Was seine Sicht der Dinge wesentlich von dem Aufruf zu caritativem Handeln unterscheidet, ist sein Wunsch, Afrika endlich ernst zu nehmen. Dem Kontinent sei nicht mit Almosen zu helfen, sondern durch Formen der gewinnorientierten Zusammenarbeit, die den Afrikanern eine Chance geben, ihre eigenen Fähigkeiten einzubringen. Ihm ist klar, dass dies nicht mit aufmunternden Worten zu leisten ist, sondern an Bedingungen an die Kooperationspartner geknüpft sein sollte. Wenn die Vertreter afrikanischer Staaten keine Garantie einer menschenwürdigen Behandlung der involvierten Personen geben wollten, so Dr. Asfa-Wossen, sei eine Zusammenarbeit abzulehnen. Dieser Weg, sagt er, werde von China beschritten, der Wirtschaftsmacht, die in Afrika zunehmend als Handelspartner an Boden gewinne. Dies sei der Fall, so der Vortragende, weil die Chinesen keine Bedingungen in puncto Menschenrechte stellen. Auf diese Weise sichere man sich die Rechte an für die technologische Entwicklung wichtigen Rohstoffen, helfe dem afrikanischen Kontinent aber immer noch nicht, um auf eigene Beine zu kommen.
Im Unterschied dazu läuft Dr. Asfa-Wossens Botschaft darauf hinaus, über veränderte Formen der wirtschaftlichen Kooperation gleichzeitig gutzuheißende Standards der Humanität einzuführen. Denn wenn die jungen Afrikaner diese erkannt hätten, gäbe es keinen Grund mehr, die Heimat zu verlassen. Nicht weniger wichtig wäre eine zweite Konsequenz, nämlich die, dass es langfristig vorteilhaft wäre, europäische Unternehmen als vertrauenswürdige Geschäftspartner zu gewinnen.
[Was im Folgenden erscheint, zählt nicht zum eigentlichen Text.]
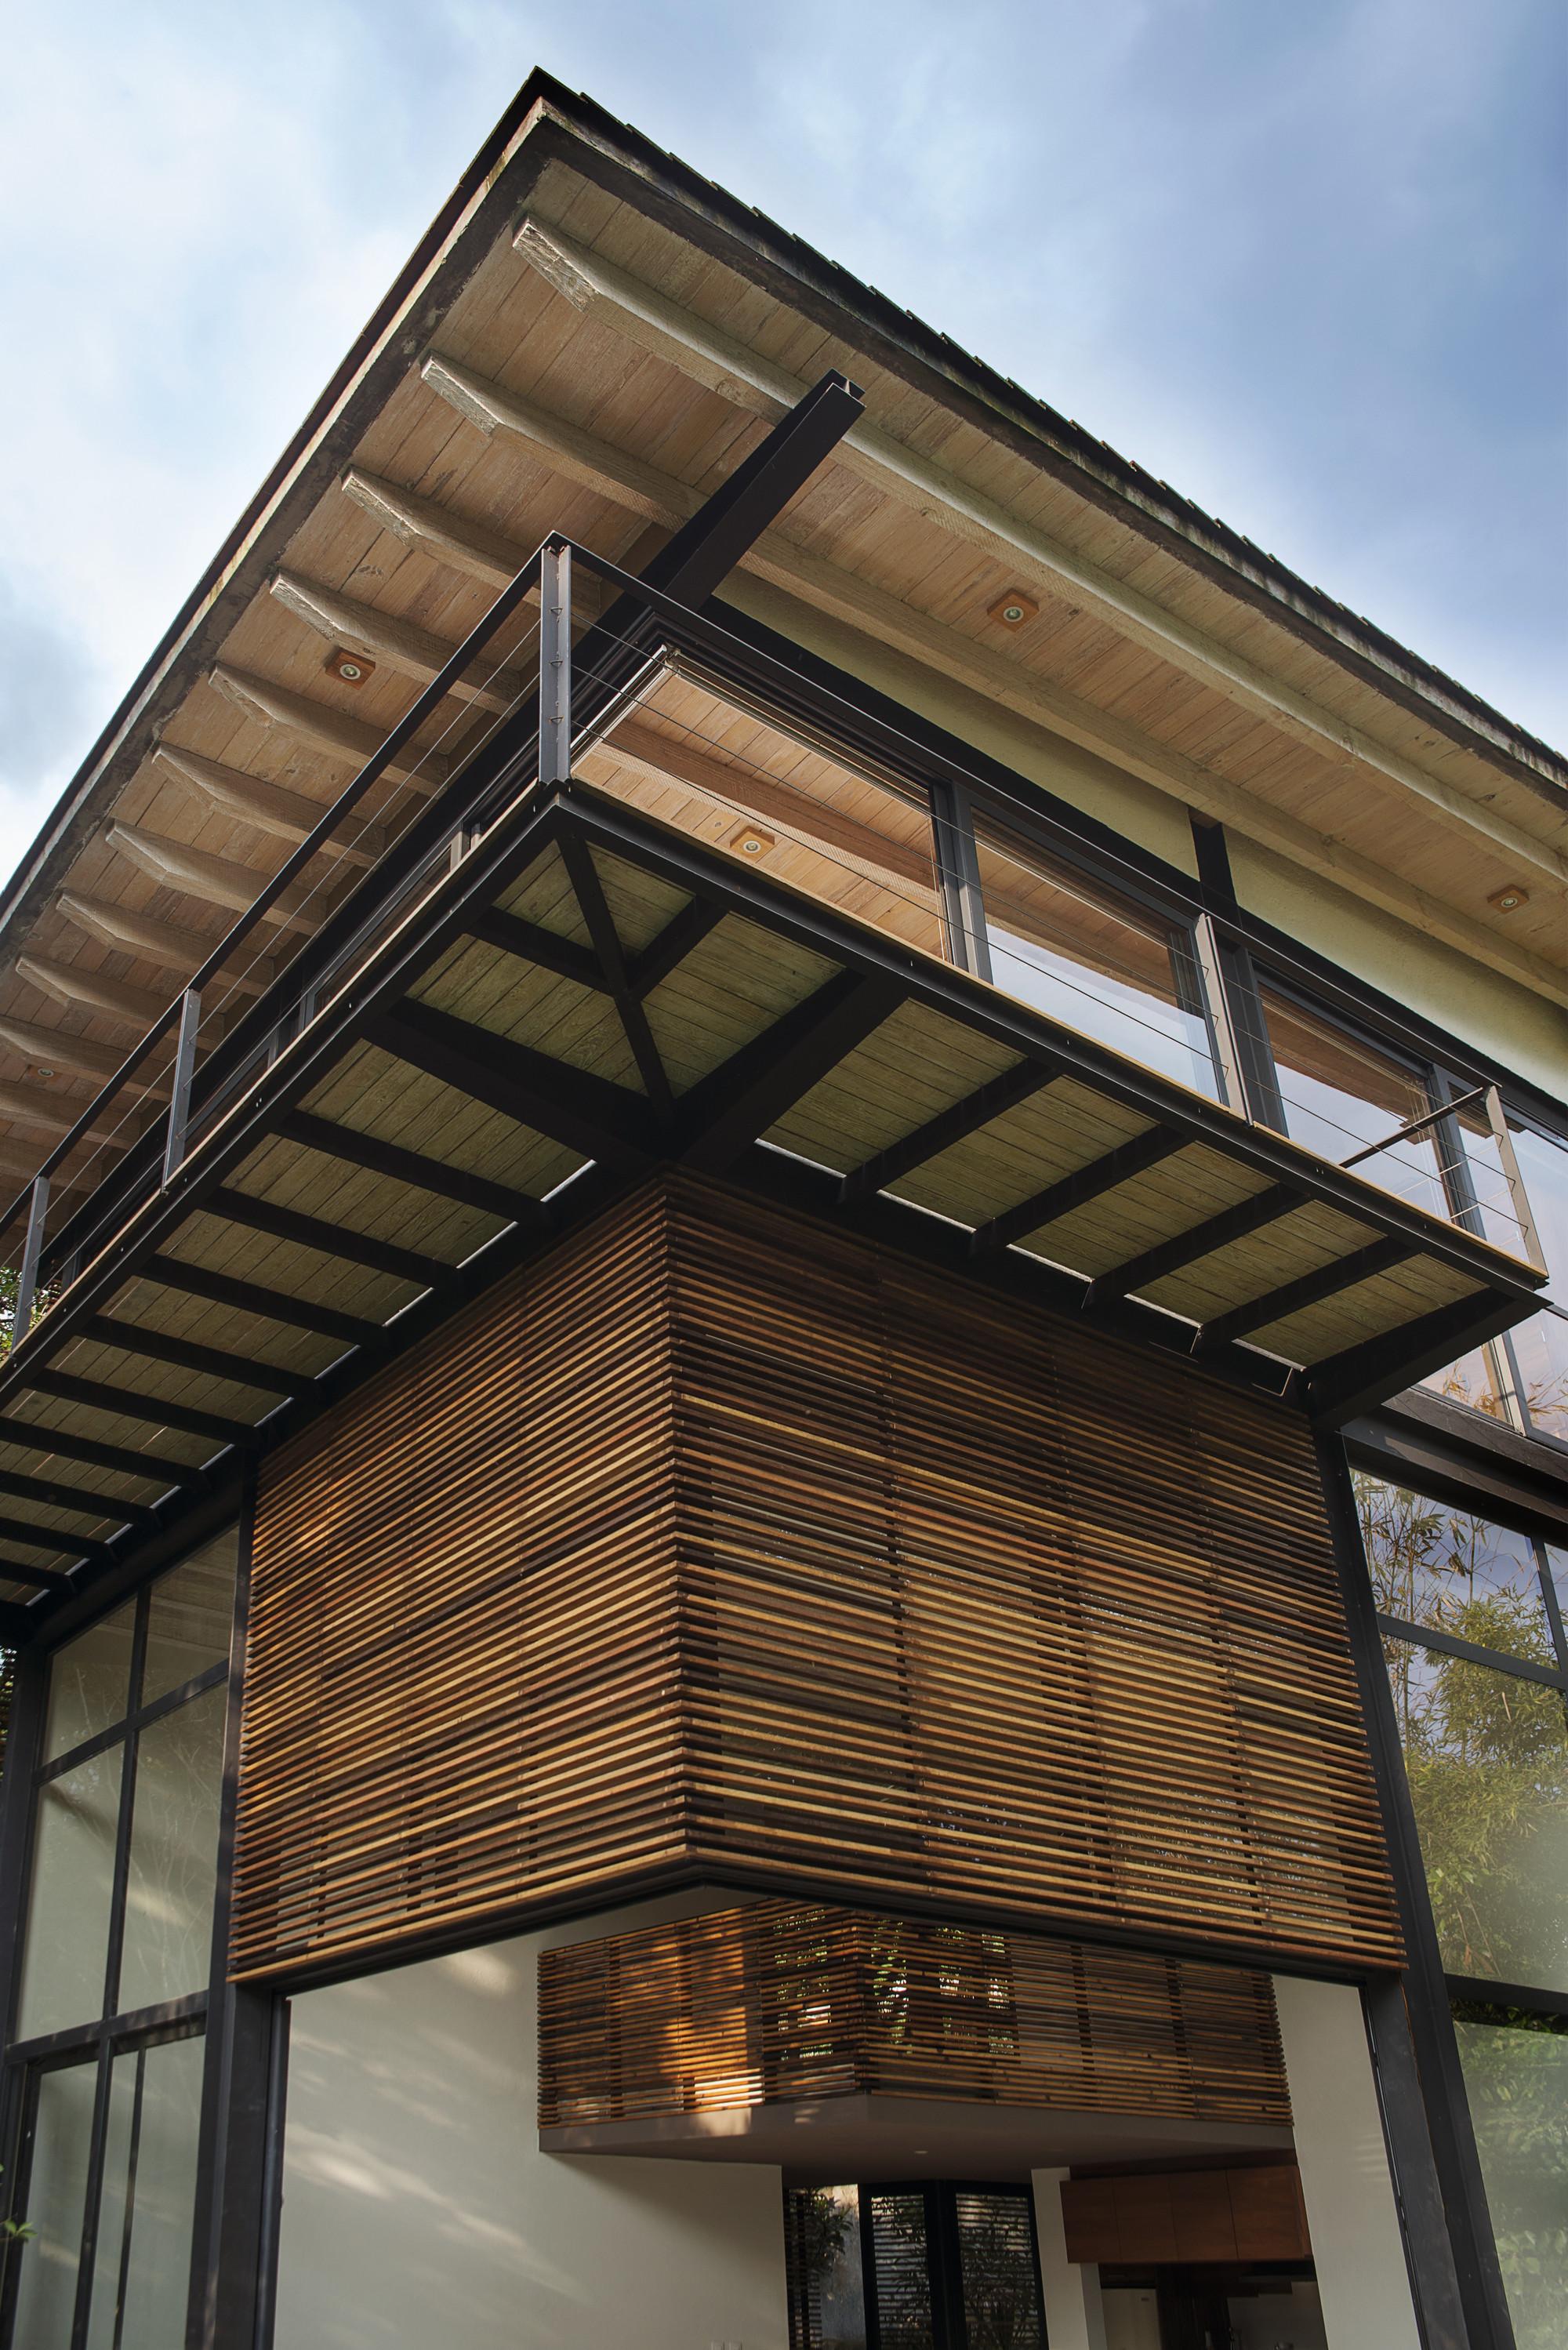 Galeria de casa chipicas alejandro s nchez garc a for Alejandro sanchez garcia arquitectos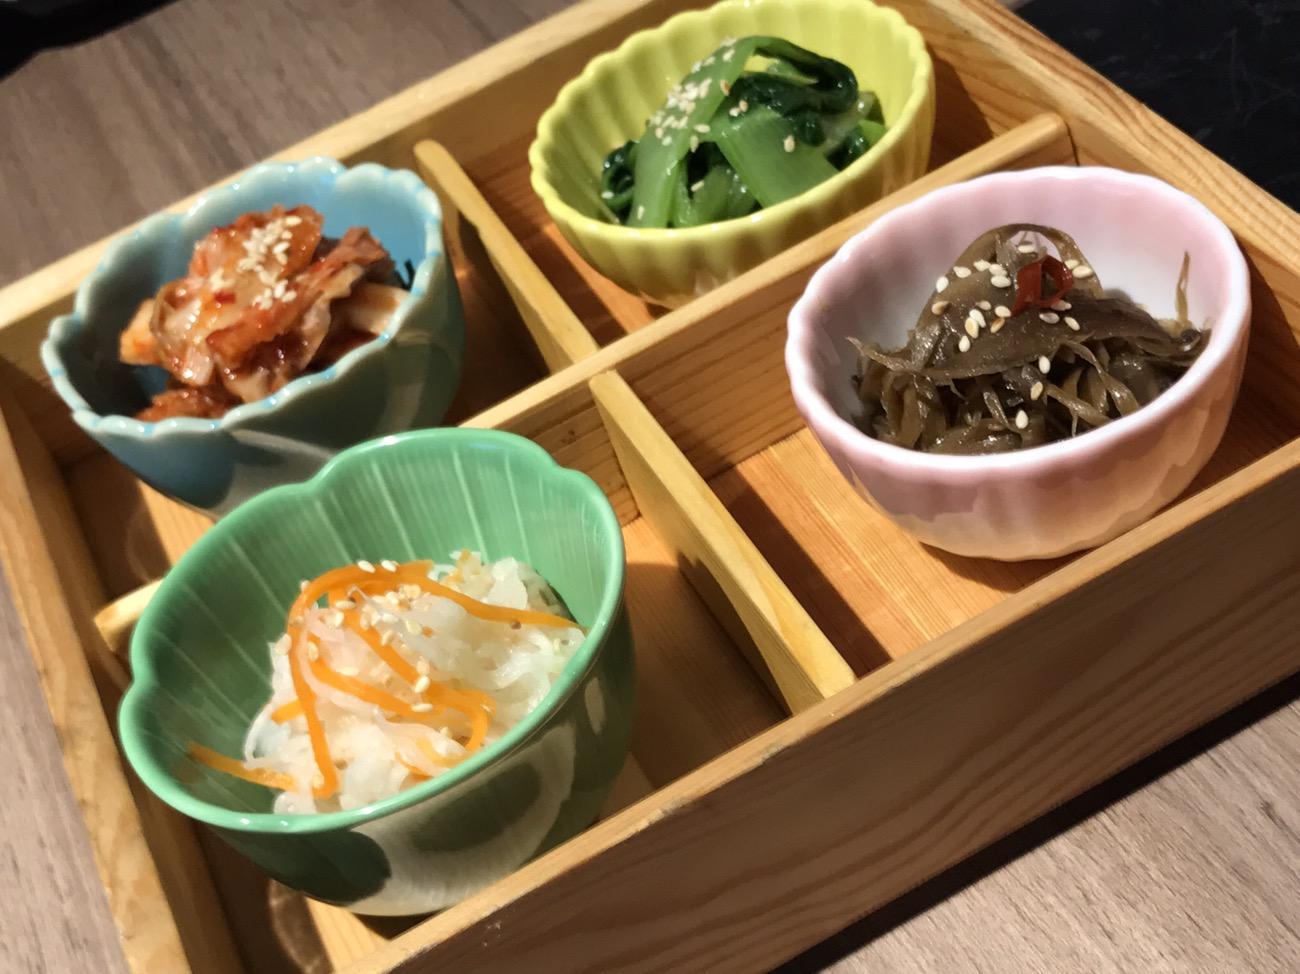 新日本焼肉党 マレーシアクアラルンプールの小鉢

Im Anschluss an den Vortrag gestaltete sich eine lebhafte Fragerunde, bei der die Schülerinnen und Schüler der Oberstufe eine Vielzahl relevanter Fragen an den Gast richteten. Dr. Asfa-Wossen war nicht darum verlegen, ehrlich zu antworten – auch bei Fragen, die seine Person und seine Herkunft aus der äthiopischen Kaiserfamilie betrafen. Er machte in seinen Antworten deutlich, dass die Errungenschaft einer gelebten Demokratie in Verbindung mit sozialer Marktwirtschaft die tatsächlichen Privilegien darstellen, die es Menschen ermöglichen, ein gutes Leben zu führen, bei dem der Einzelne die Möglichkeit habe, sich in seiner Humanität zu verwirklichen, eben weil er sich in die Gesellschaft einbringe.
Dr. Asfa-Wossen Asserate stellte sich im Anschluss an seinen Vortrag den Fragen von Philip Hagenhoff, Anna Oppermann, Viktor Mohr und Matheo Fountain. Die Jugendlichen arbeiten an einem Podcast und einer Sendung für Radio Hanau über das Thema „Macht die Digitalisierung die Welt gerechter?“
Mit dieser an unsere vernünftige Einsicht wie auch an das Gefühl unserer Verantwortlichkeit gerichteten Botschaft fand eine kurzweilige Veranstaltung ihren Ausklang.